Classical HLA Genotype Assignment.

Although genomic DNA was amplified and sequenced in our current approach, the standard genotype-calling algorithm relies mainly on the alignment to cDNA references from the IMGT-HLA database due to the lack of genomic reference sequences. Of 6,398 cDNA reference sequences for HLA-A, -B, -C, and -DRB1 genes in the IMGT-HLA database released on October 10, 2011, only 375 (5.8%) of them have genomic sequences. The IMGT-HLA database contains sequences of HLA genes, pseudogenes, and related genes, which allowed us to filter out sequences from pseudogenes or other nonclassical HLA genes, such as HLA-E, -F, -G, -H, -J, -K, -L, -V, -DRB2, -DRB3, -DRB4, DRB5, -DRB6, -DRB7, -DRB8, and -DRB9.

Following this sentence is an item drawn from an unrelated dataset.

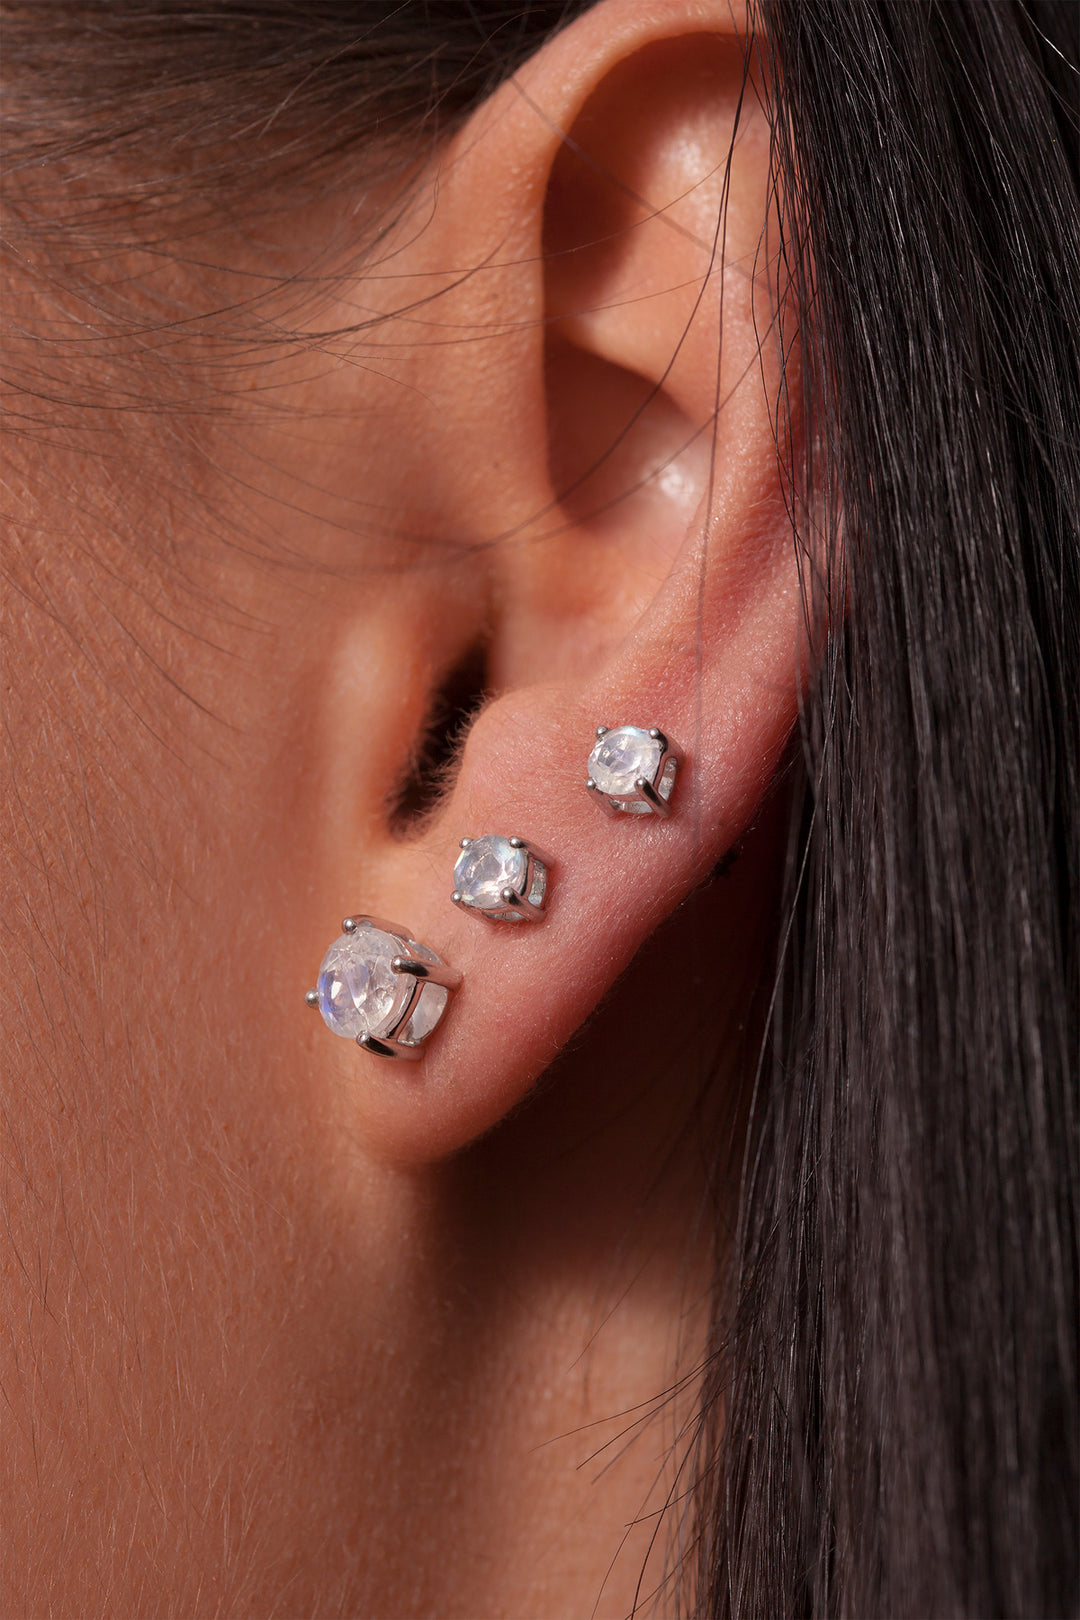 4 mm Moonstone Gold Stud Earrings

After mapping, the alignments were parsed in the following order: a best-match filter, a mismatch filter, a length filter, and a paired-end filter. The best-match filter only kept alignments with best bit scores. The mismatch filter eliminated alignments containing either mismatches or gaps. The length filter deleted alignments shorter than 50 bases in length if their corresponding exons were longer than 50 bases. It also removed any alignments shorter than their corresponding exons if those were less than 50 bases in length. Finally, the paired-end filter removed alignments in which references were mapped to only one end of a paired-end read, whereas at least one reference was mapped to both ends of the paired-end read.

HLA genes share extensive similarities with each other, and many pairs of alleles differ by only a single nucleotide; it is this extreme allelic diversity that has made definitive SBT difficult and subject to misinterpretation. For instance, due to the short read lengths generated using the Illumina platform, it is possible for the same read to map to multiple references. In this study, sequencing was performed in the paired-end format so that the combined specificity of paired-end reads could be used to minimize misassignment to an incorrect reference. Also, because of sequence similarities among different alleles, combinations of different pairs of alleles could result in a similar pattern of observed nucleotide sequence, on the basis of the fortuitous mixture of sequences. We noted that when reads were mapped onto a correct reference sequence, they formed a continuous tiling pattern over the entire sequenced region (Fig. 2 B.1 and B.2). When reads were mapped onto an incorrect reference sequence, they formed a staggered tiling pattern at some positions of the sequenced region (Fig. 2 B.3.). To quantify this difference between the two alignment patterns, we counted the number of “central reads” for any given point. Central reads (Fig. 2A) were empirically defined as mapped reads for which the ratio between the length of the left arm and that of the right arm related to a particular point is between 0.5 and 2 (Fig. 2).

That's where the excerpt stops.